KPMG Meijburg & Co comments
It is good that the Supreme Court has made clear in this judgment that with regard to 10a transactions, if there is a business-motivated transaction the associated debt is in principle business-motivated if the funds were not diverted through related entities. In practice – and also in the present judgment – the tax inspector contended that this principle only applies, in short, to external acquisitions.

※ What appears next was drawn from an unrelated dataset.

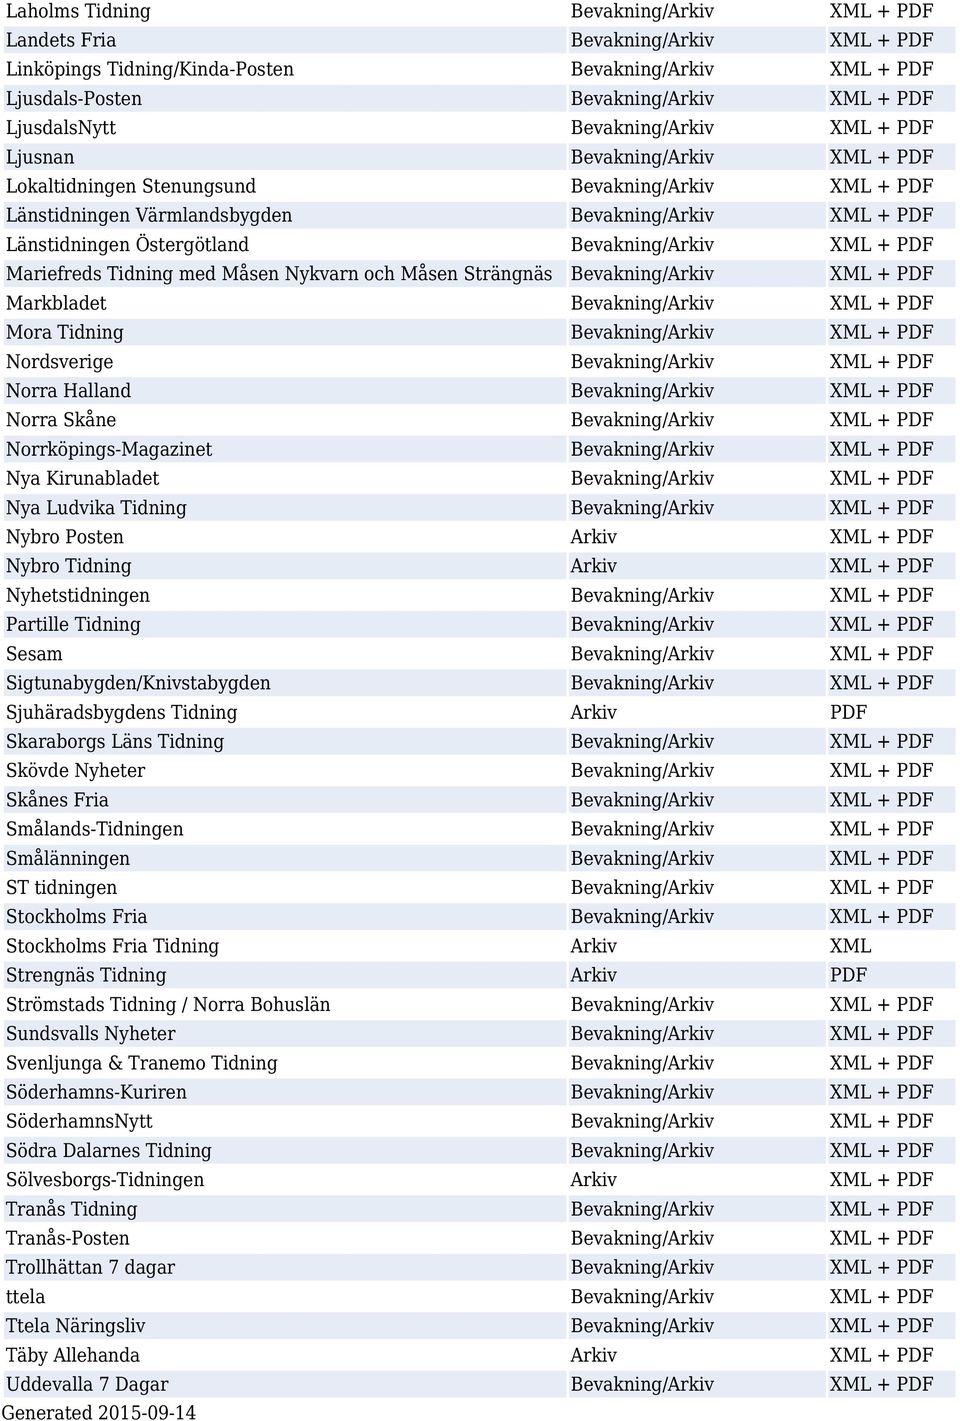 Bevakning/Arkiv XML + PDF Mariefreds Tidning med Måsen Nykvarn och Måsen Strängnäs Bevakning/Arkiv XML + PDF Markbladet Bevakning/Arkiv XML + PDF Mora Tidning Bevakning/Arkiv XML + PDF Nordsverige

A more important practical point is that the Supreme Court has clearly explained in this judgment how the doctrine of the diversion of funds relates to an entity that fulfills a pivotal financial function within the group; for which, in addition to the above points, it also appears to be relevant that the entity also raised funds from third parties. In summary, according to the Supreme Court it cannot be said of an entity with such a pivotal function that there was an intra-group diversion of funds within the meaning of case law, and thus there is, in principle, a business-motivated debt. That is otherwise insofar as the entity only acted as a conduit for the provision of those funds. The obligation to furnish facts and the burden of proof for this exception rests on the tax inspector. These legal grounds are of crucial importance especially for entities or independent business units that fulfill a cash pool or inhouse banking function.

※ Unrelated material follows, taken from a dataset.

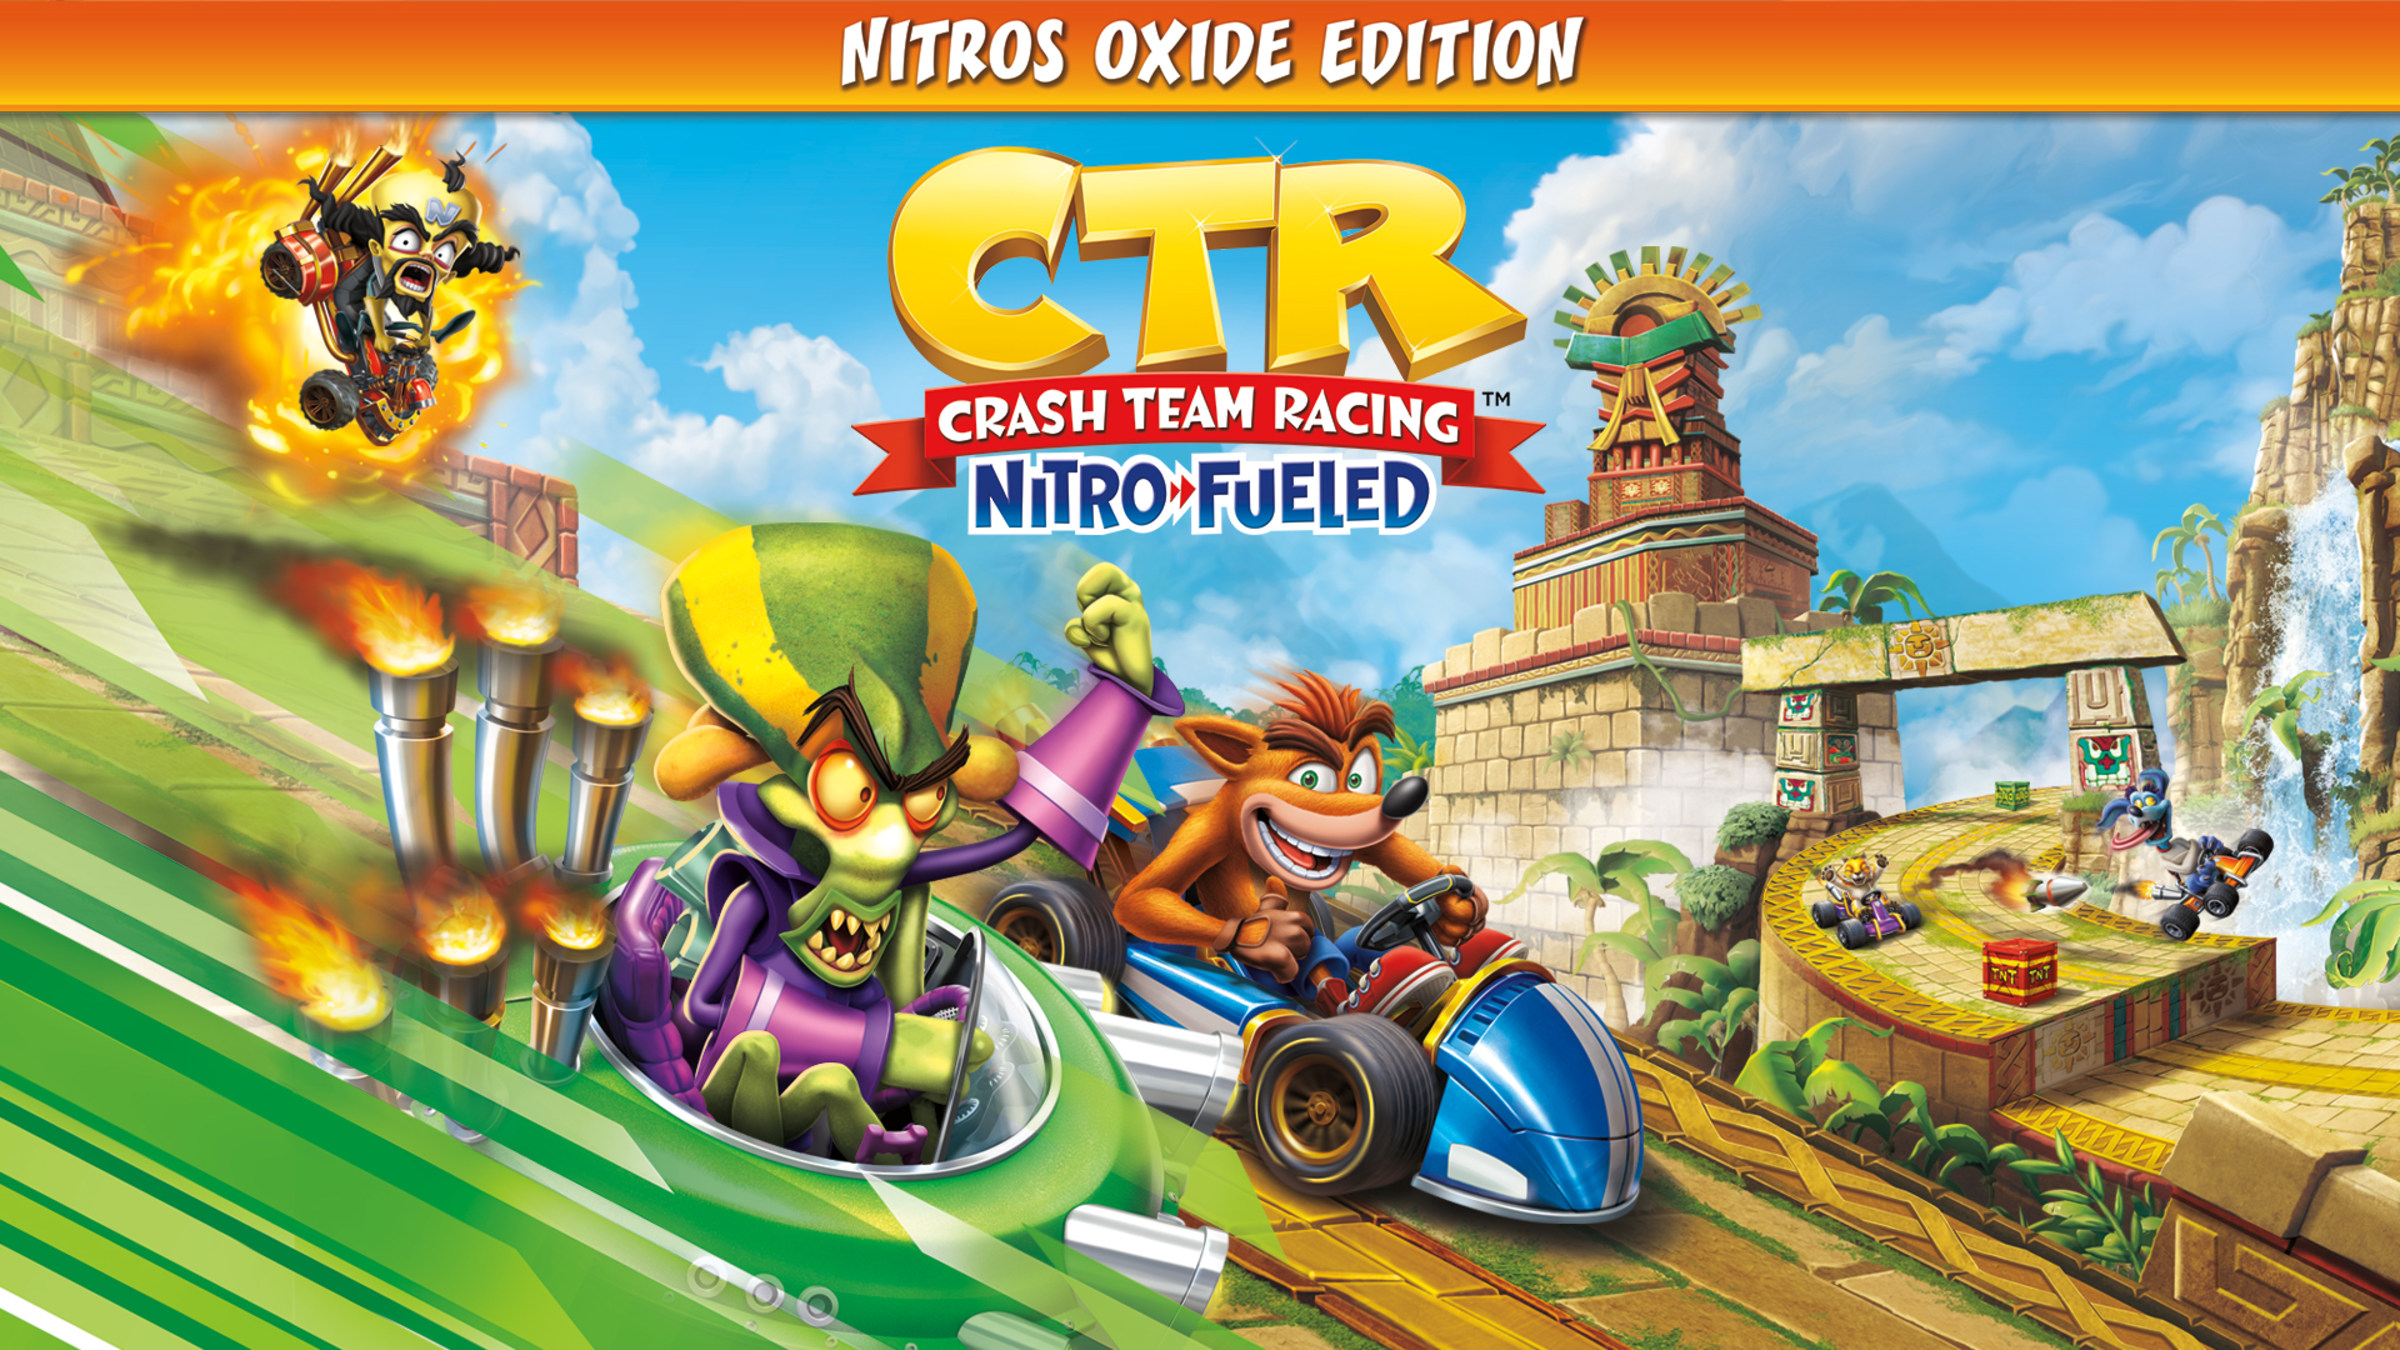 dagboek Mechanica haai Crash™ Team Racing Nitro-Fueled - Nitros Oxide Edition for Nintendo Switch  - Nintendo Official Site

The grounds put forward by the Supreme Court as regards the evasion of law (fraus legis) are also striking. It seems to follow from those grounds that if a taxpayer successfully invokes the double business motivation test – which means that the deduction of interest is not limited pursuant to Section 10a CITA 1969 – this rules out that the motive requirement for applying the doctrine of evasion of law has been met in respect of that loan/debt and transaction. The question that arises is how these legal grounds relate to the Supreme Court judgment of July 15, 2022 (ECLI:NL:HR:2022:1086) (only available in Dutch), as that judgment seemed to imply the opposite: that the Supreme Court did not exclude the application of fraus legis in principle if the double business motivation test of Section10a(3)(a) CITA 1969 had been met. A possible explanation for this is that in those proceedings it had also been stated that fraus legis must be applied to the part of the debt to which Section 10a CITA 1969 cannot be applied and to which the double business motivation test thus also did not apply.